I am considering gifting almost all of my equitable share in a family mineral trust, for which a bank is the trustee, to my daughters. The trust is a unique one that was jointly drafted by me and a (now deceased) estate attorney in Midland TX. It encompasses hundreds of mineral properties in Texas and lasts for the maximum period allowed by the Rule Against Perpetuities. None of the beneficiaries of the trust can withdraw from the trust or otherwise obtain legal title to the undivided share of the interests that he or she put into the trust without the affirmative vote of the holders of a least a majority in interest of the total Equitable Shares, which is very unlikely to ever happen. We can only transfer while alive or at death our equitable share in the trust. It thus seems to me that my equitable share in the trust is like the share of a member of an LLC or FLP or the owner of stock in a corporation, but much more restricted. I will never be able to own or control any of the mineral properties that are owned and managed by the trust. I am only entitled to an Equitable Share of the income received by the trust and can only transfer that Equitable Share to someone else. I am hoping that I can simply value my share for gift and estate tax purposes (which I need to worry about since I live in Illinois) as a multiple of, e.g., 3 to 5 times [which?] of the annual income distributed to me over the last 12 months or 24 months, rather than having to obtain a difficult and very expensive valuation of each of the hundreds of mineral properties managed by the trust. The trustee bank uses a multiple of 5 times income for the last 12 months to obtain its stated market value for the trust properties, individually and in the aggrgate, on each monthly statement. Could I use its valuation?

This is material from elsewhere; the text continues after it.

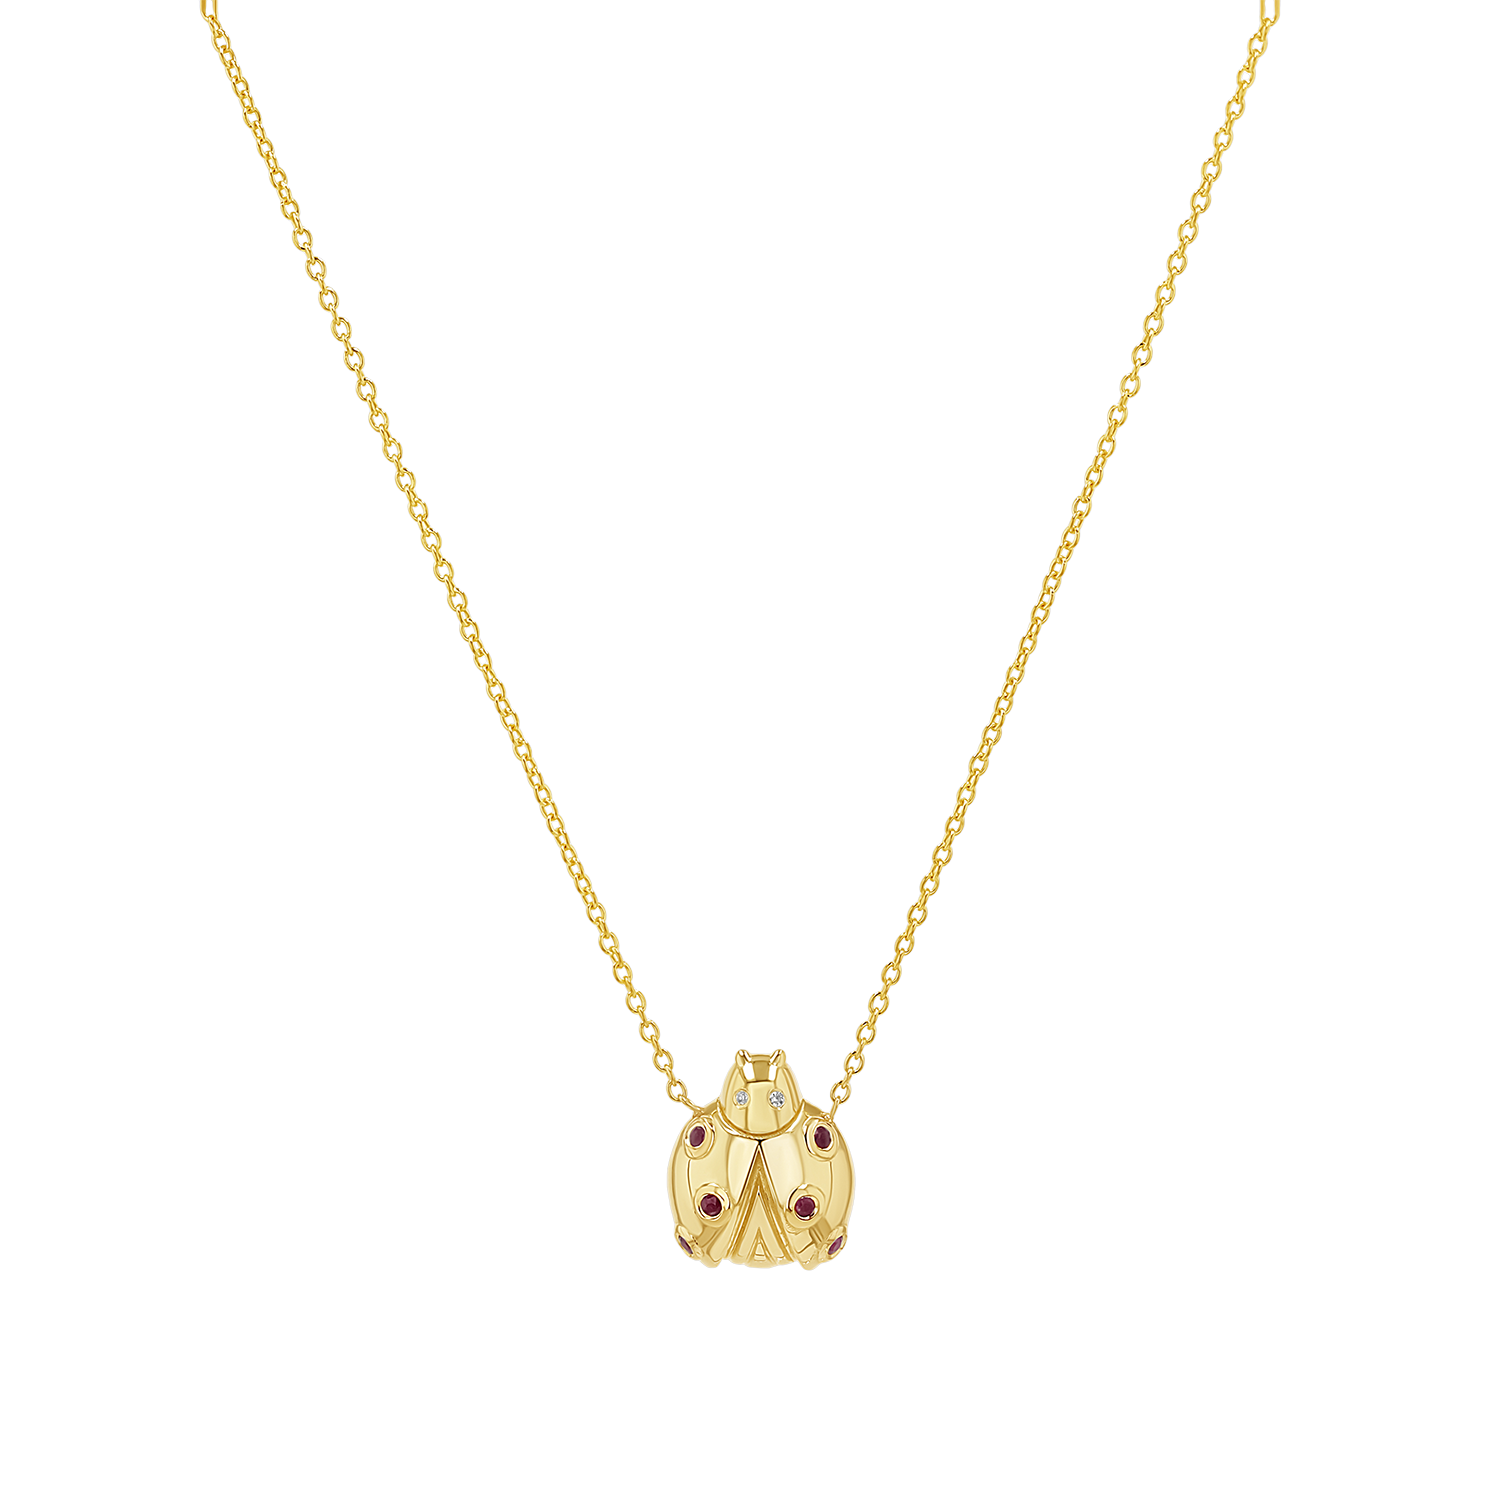 4 Elements Ladybug Charm Necklace – AnaKatarina Design

Since you may have tax implications, you really need to direct this question to your accountant as there may be multiple state and federal taxes involved, the minority interest may have a positive effect on the taxes, etc. This needs a professional answer and not one from the forum who do not have the fiduciary responsibility to you.
Let me rephrase my question. Is anyone aware of a simple income based valuation being done in situations like mine, rather than having to engage in an engineering valuation of each property managed by the trust?
Yes I am aware of that. Id get advice from a tax professional tho.